• [RAW DATA]
= = = = = = =
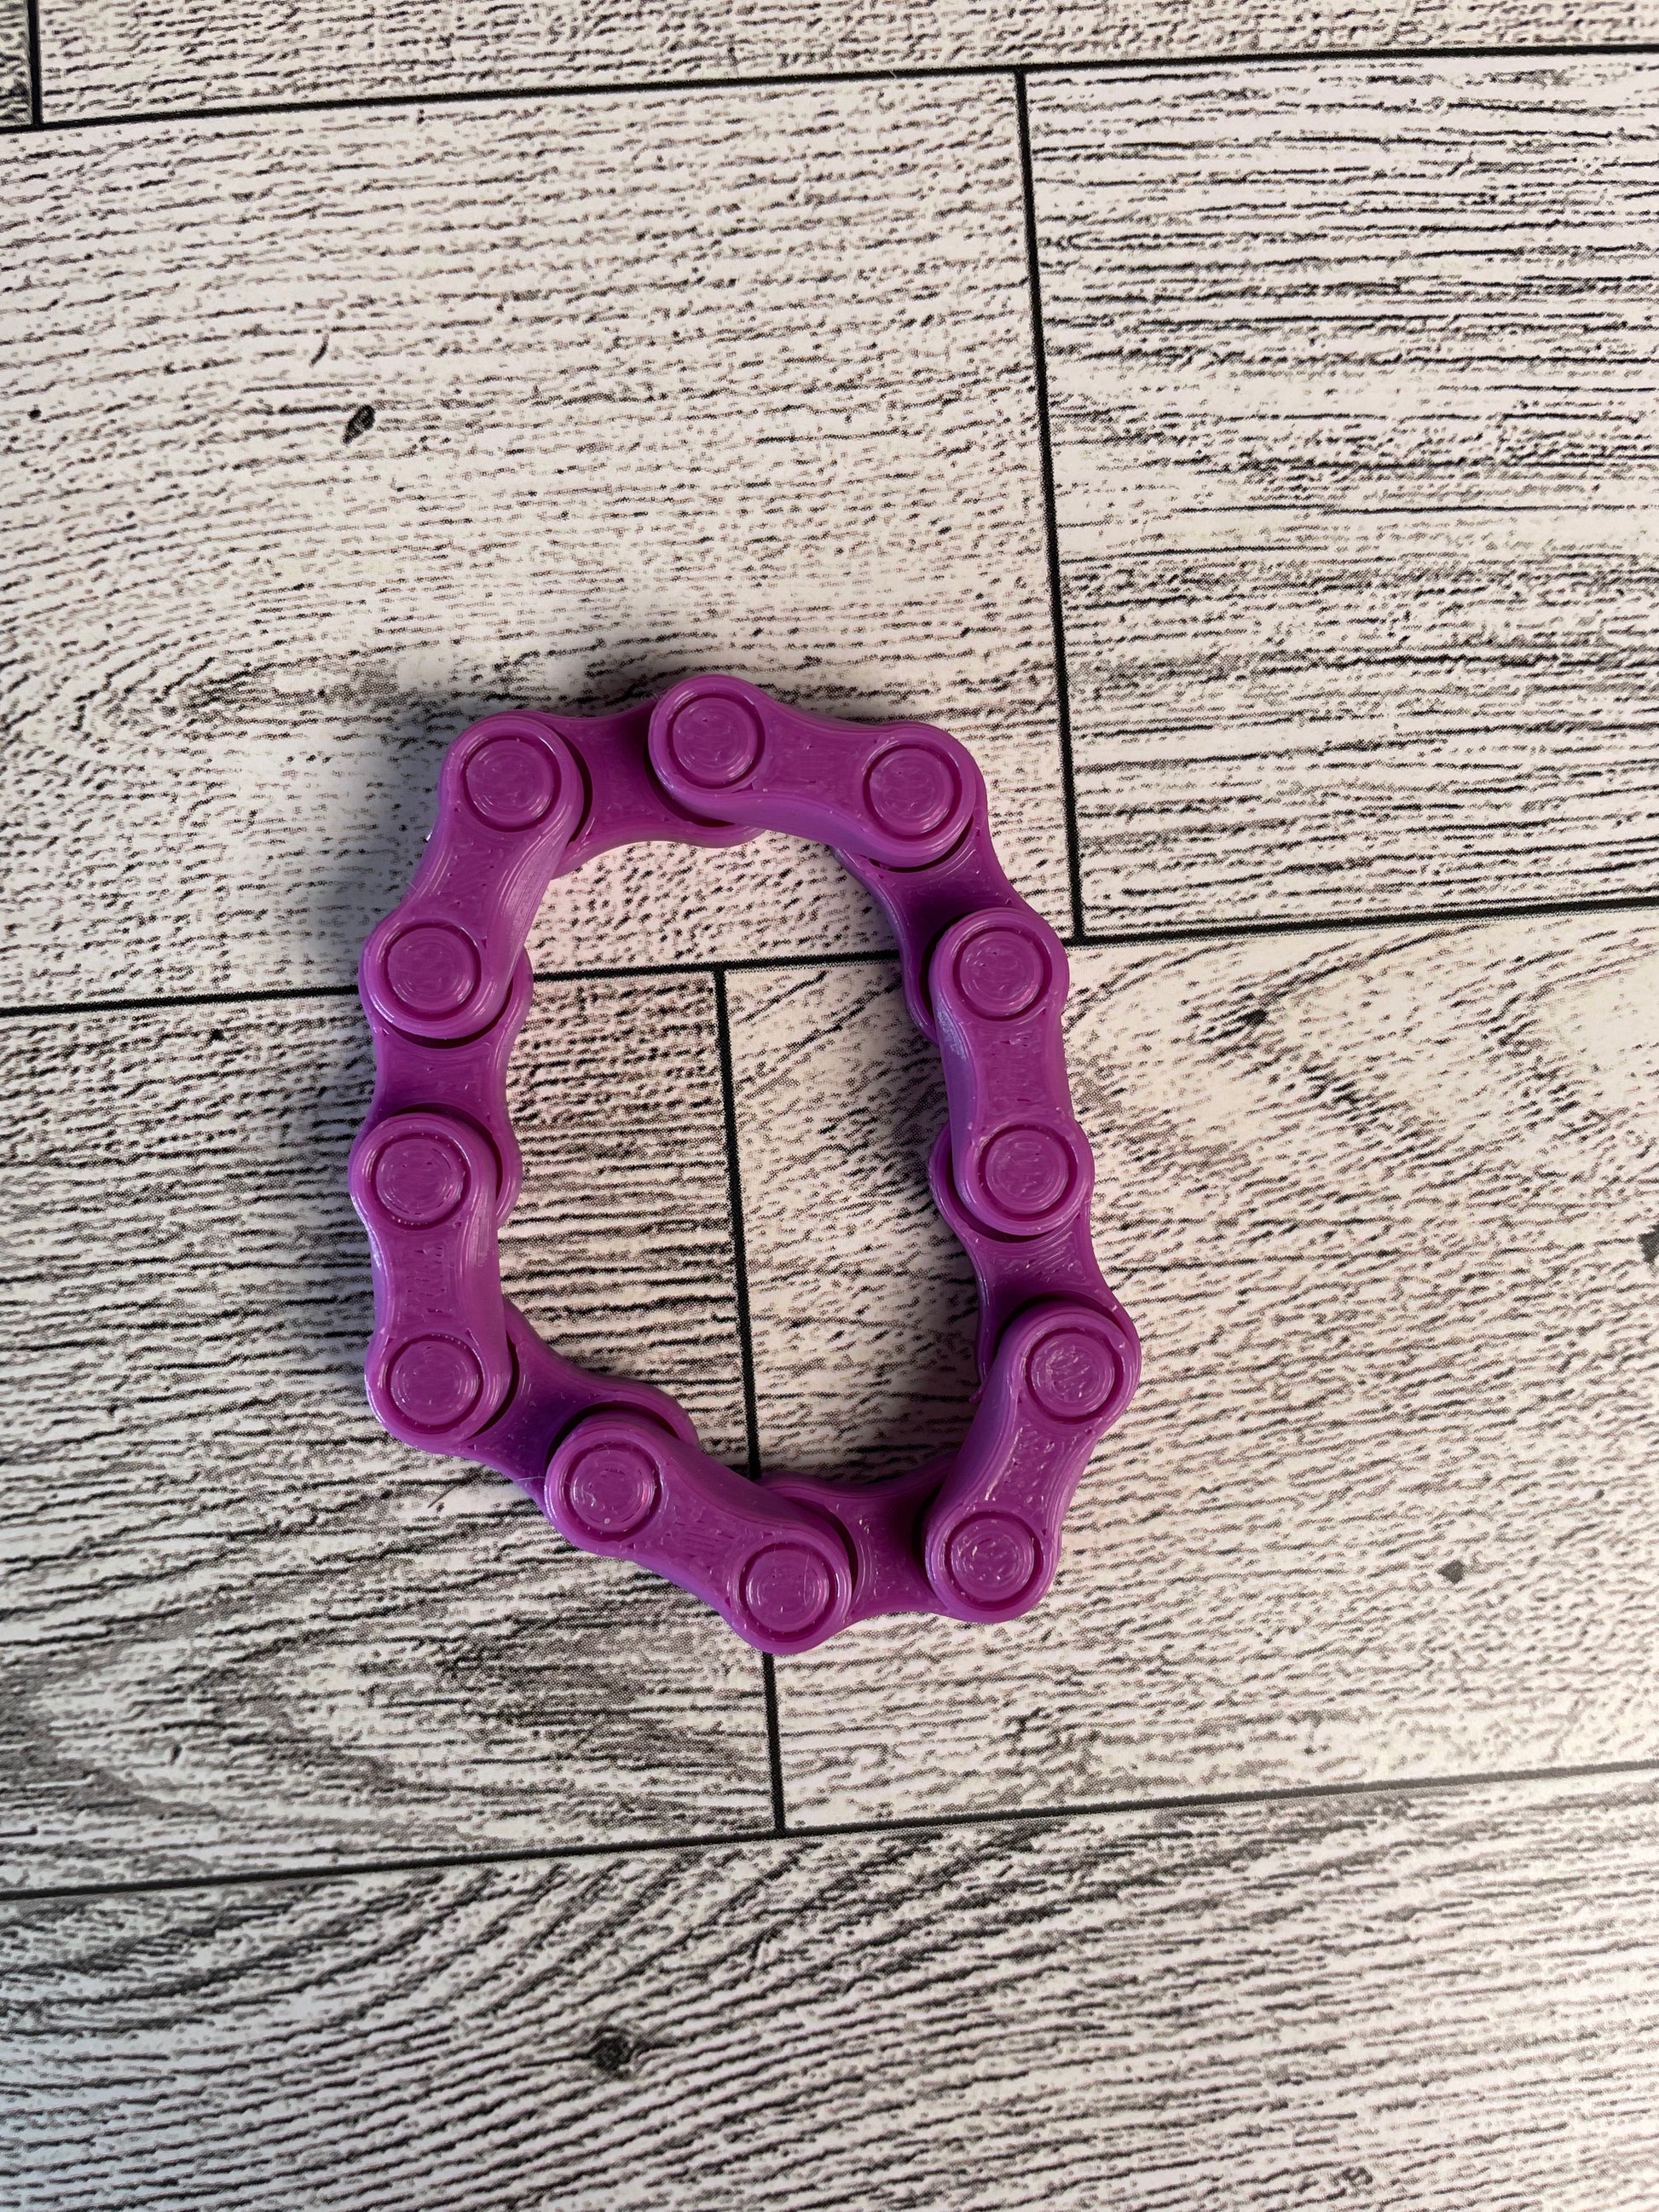 A purple chain link on a wood backdrop. The chain is arranged in a oval shape and there are six links.
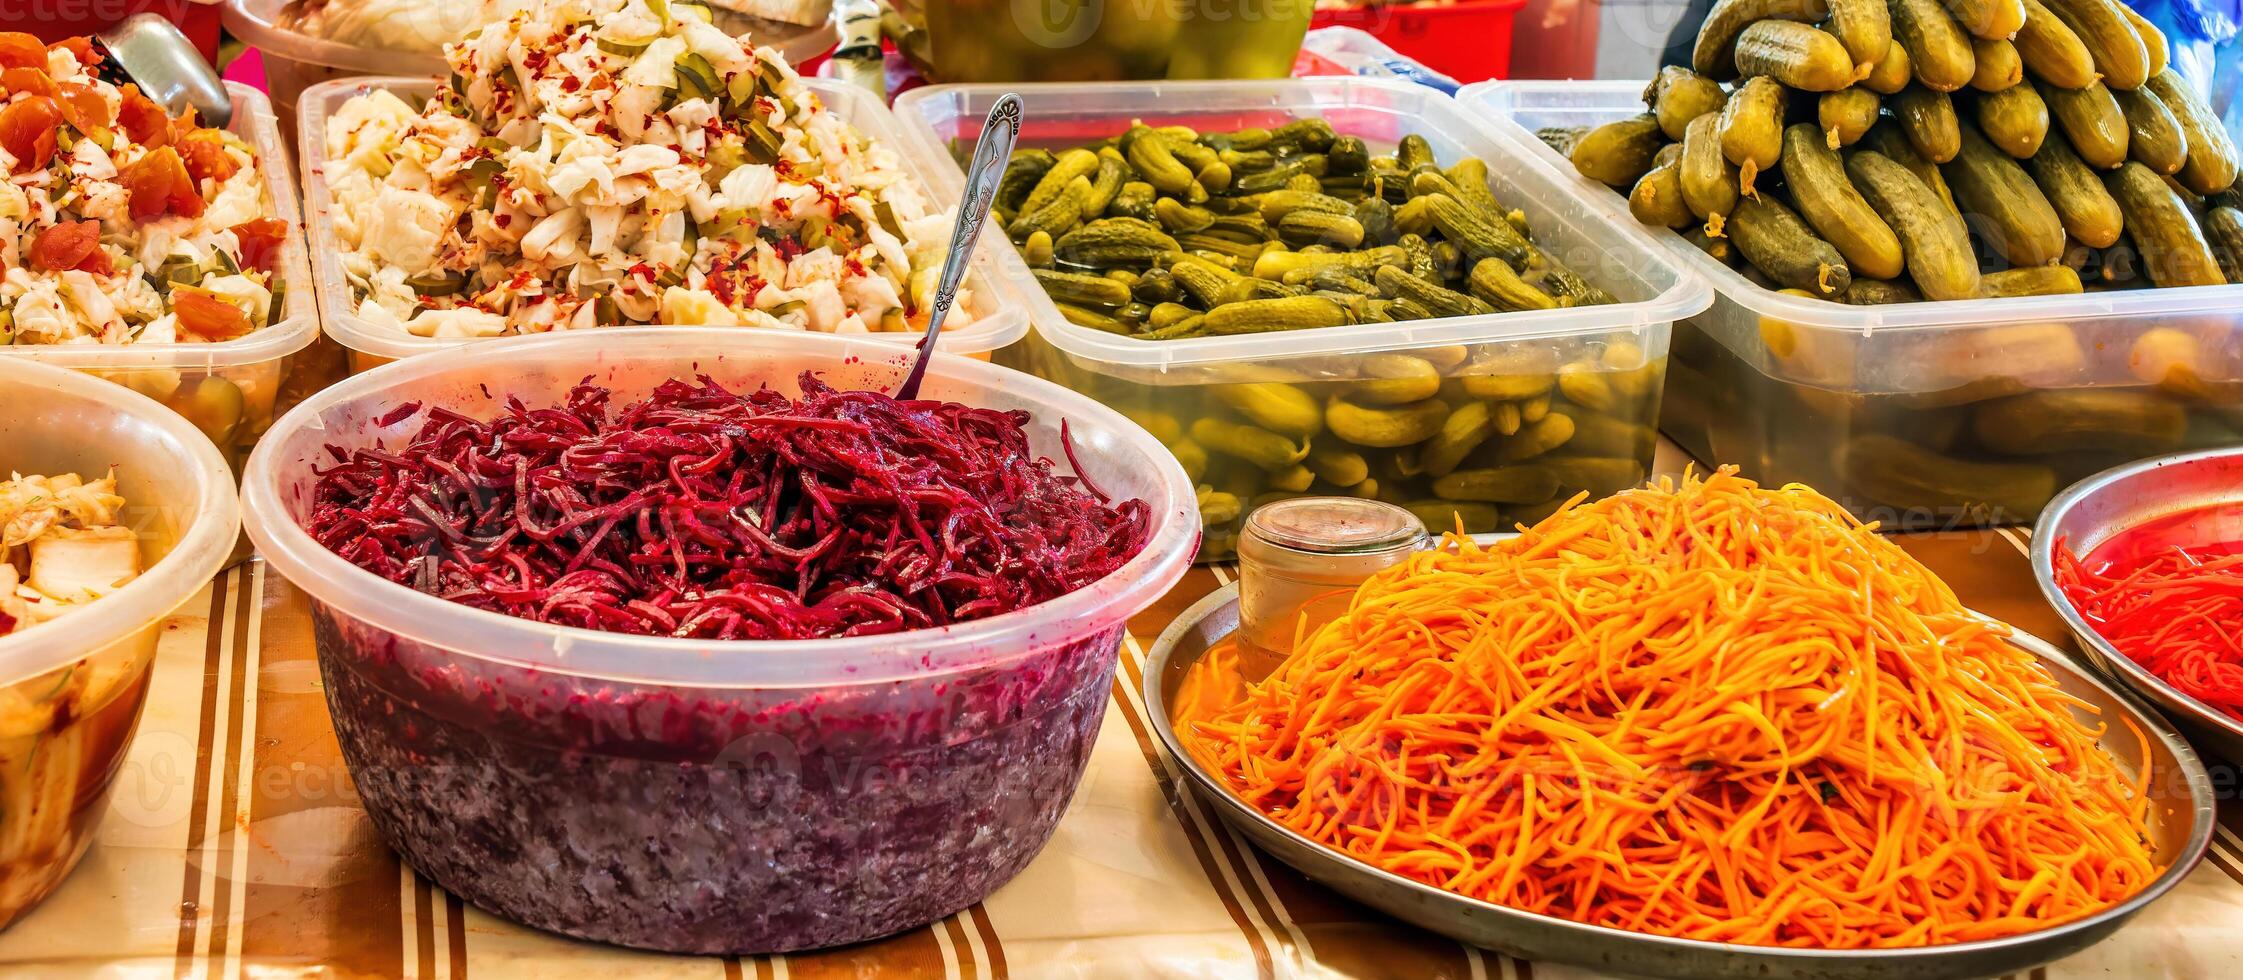 A stall with pickled vegetables at a bazaar counter. Pickled beets, cucumbers, sauerkraut, Korean-style carrots and cucumbers. photo
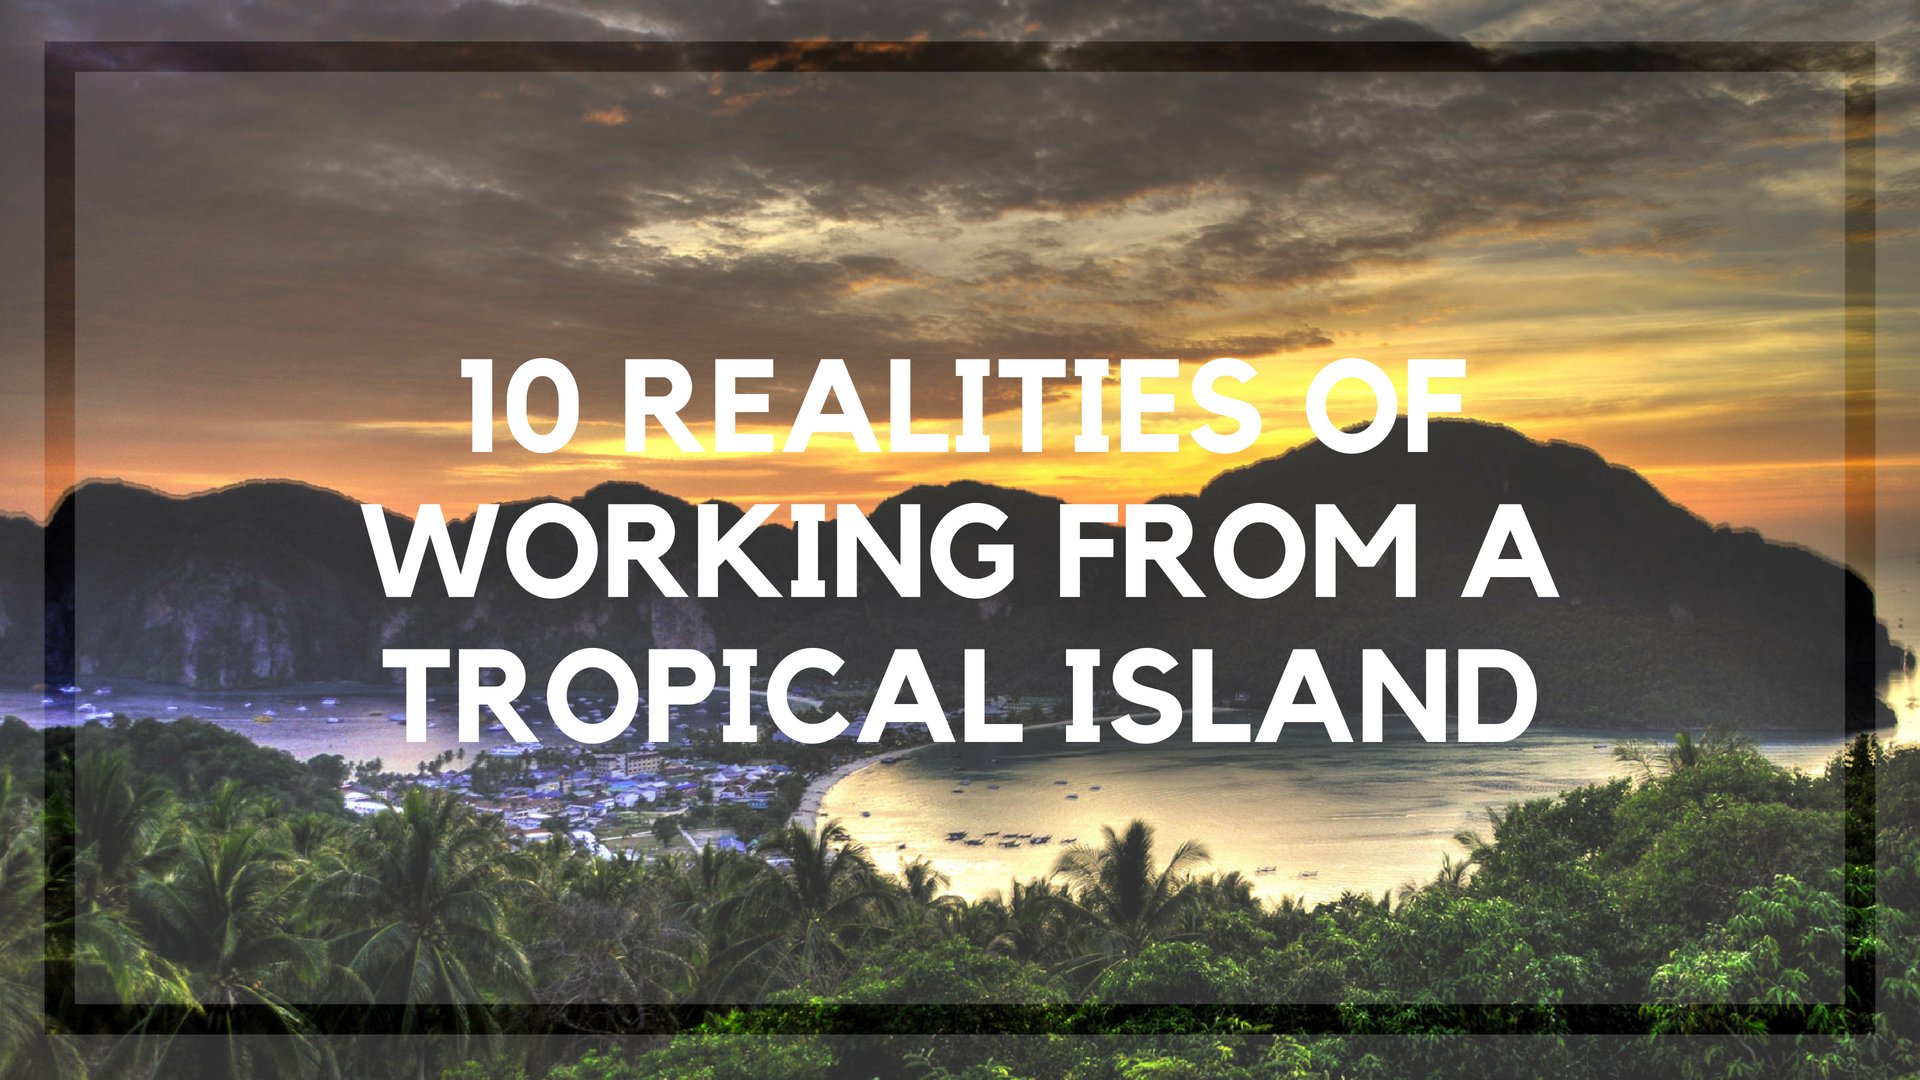 10 Realities of Working From a Tropical Island
= = = = = = =
• [AIM OF THE TASK] Copy the listing over exactly, skipping the pictures it holds.

• [ANSWER FOR THIS EXERCISE]
 A purple chain link on a wood backdrop. The chain is arranged in a oval shape and there are six links.
 A stall with pickled vegetables at a bazaar counter. Pickled beets, cucumbers, sauerkraut, Korean-style carrots and cucumbers. photo
 10 Realities of Working From a Tropical Island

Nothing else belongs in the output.